Schultz had a notorious encounter on December 28, 1984, with 20/20 reporter John Stossel while Stossel was backstage at MSG doing a story about professional wrestling's secrets. During an interview, Stossel told Schultz that he thought pro wrestling was fake (which was already widely assumed), and Schultz's response was to slap Stossel in the head twice, knocking him to the floor each time. The attack, which attracted a large amount of media coverage, was later aired on national television including ABC News which reported that the network had received more than 1,000 calls from viewers inquiring about Stossel's health.(Stossel: I think this is fake.) Schultz: You think it's fake, hmm? (slaps Stossel) What's that; is that fake? Huh? What the hell is wrong with you? That's open hand slap, huh [sic]. You think it's fake; (slaps Stossel for a second time) you talking about 'this is fake'? Huh? What you mean?Marvin Kohn, a deputy commissioner at the NYSAC, had been present at the arena during the incident and immediately suspended Schultz for his actions. Although called by Commissioner Jose Torres to attend a hearing before the commission, Kohn later reported that Schultz had written a letter to the commission admitting "that he had acted improperly and apologized both to the commission and to Mr. Stossel" and further stated "I admit the allegations ... I intend the commission to know that I did not intend to hurt John Stossel. I apologize to the commission and to John Stossel."

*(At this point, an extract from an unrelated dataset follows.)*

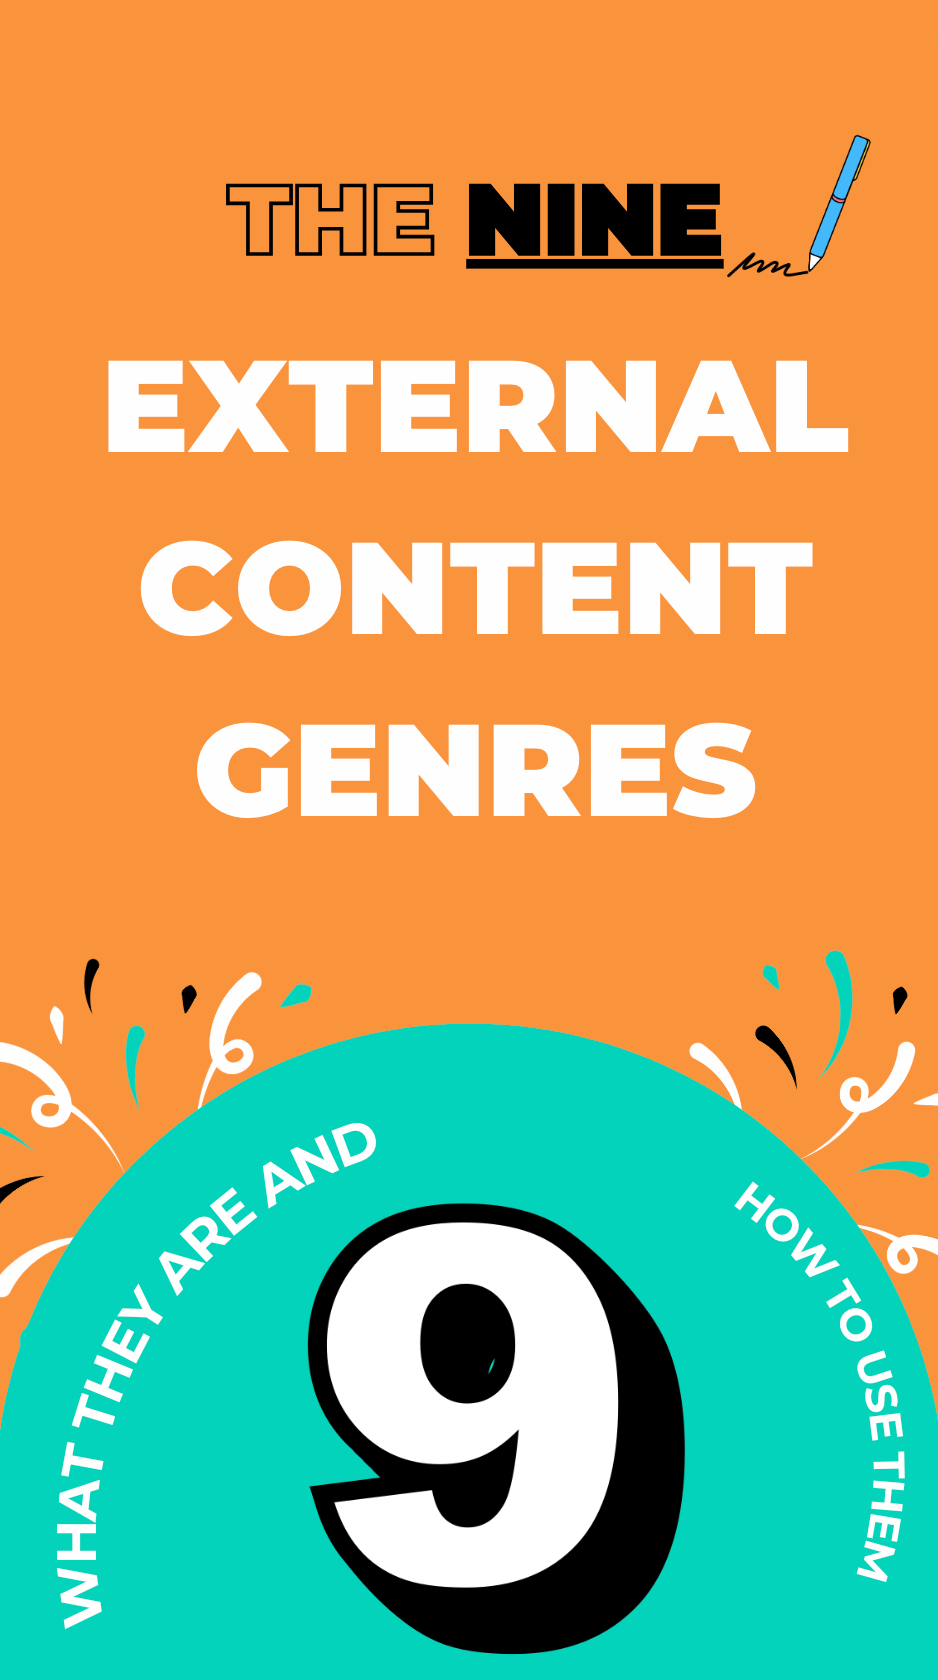 THE 9 EXTERNAL CONTENT GENRES: WHAT THEY ARE AND HOW TO USE THEM FOR MARKETING YOUR NEXT BOOK

Stossel stated that he suffered from pain and buzzing in his ears eight weeks after the assault. Stossel later claimed he was unaware of Schultz's apology and would pursue his action in court although commented he would be "less likely to sue" if the after-effects of his injury disappeared. Stossel eventually filed a lawsuit against the WWF, and settled out of court for $425,000.

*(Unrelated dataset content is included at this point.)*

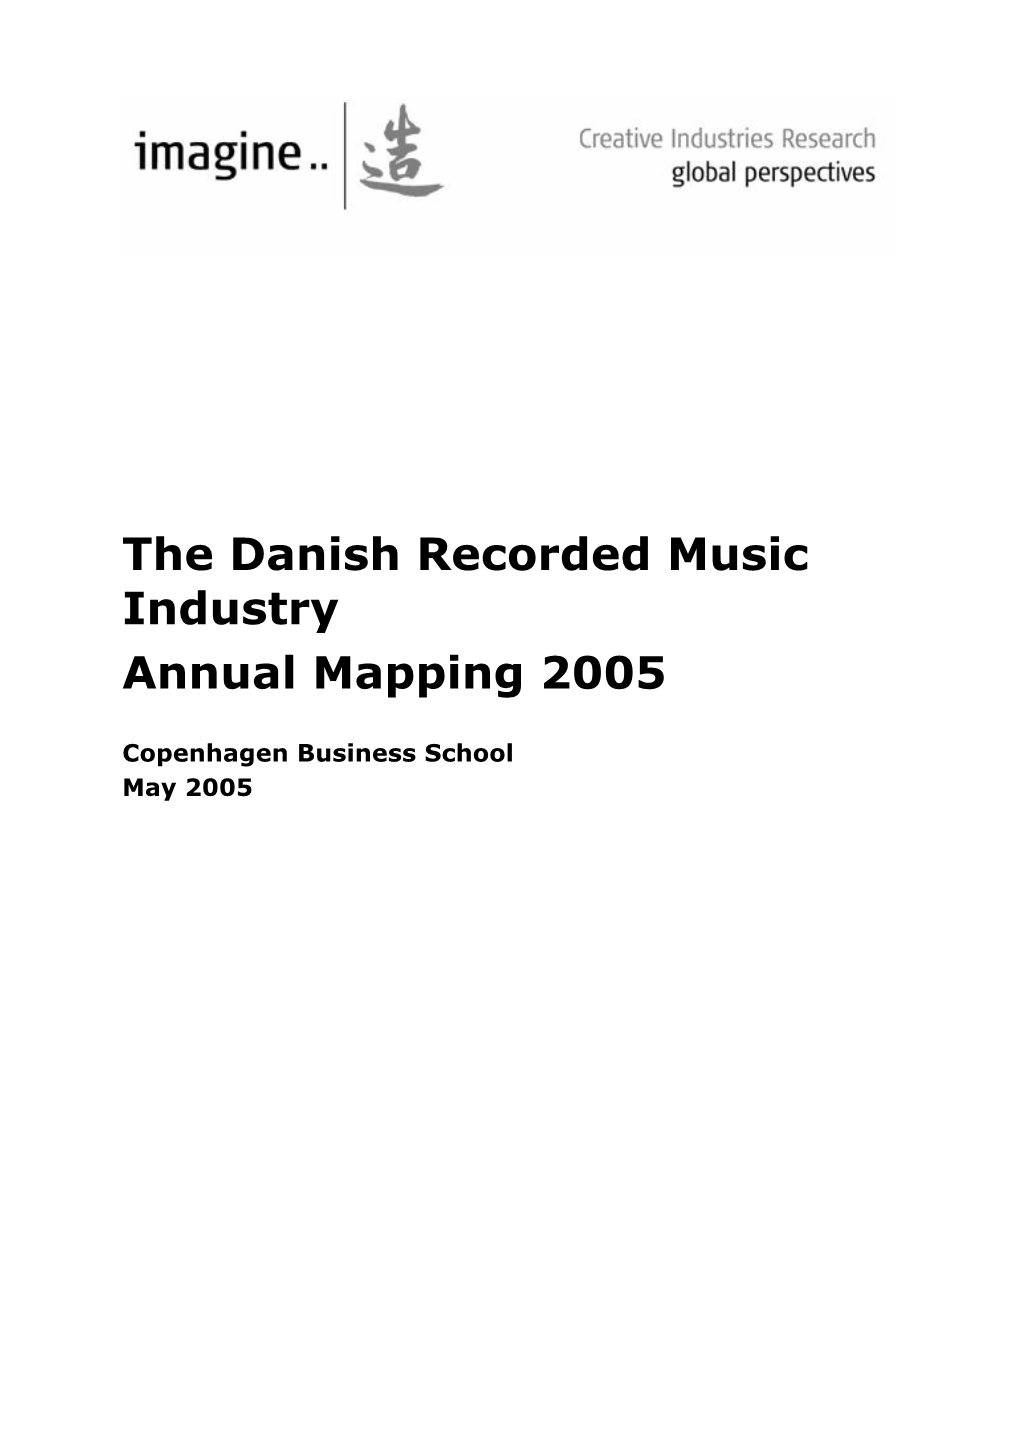 The Danish Recorded Music Industry Annual Mapping 2005

Although Schultz has consistently maintained that WWF officials told him to hit Stossel (specifically, he insists that Vince McMahon himself said, "Blast him (Stossel), tear his ass up, stay in character -- 'Doctor D'..."), Schultz ultimately was fired. Many industry insiders believe that it was not because of his actions against Stossel, but rather because of the alleged, but never proven, claim that he challenged Mr. T to a fight backstage at a WWF event at MSG.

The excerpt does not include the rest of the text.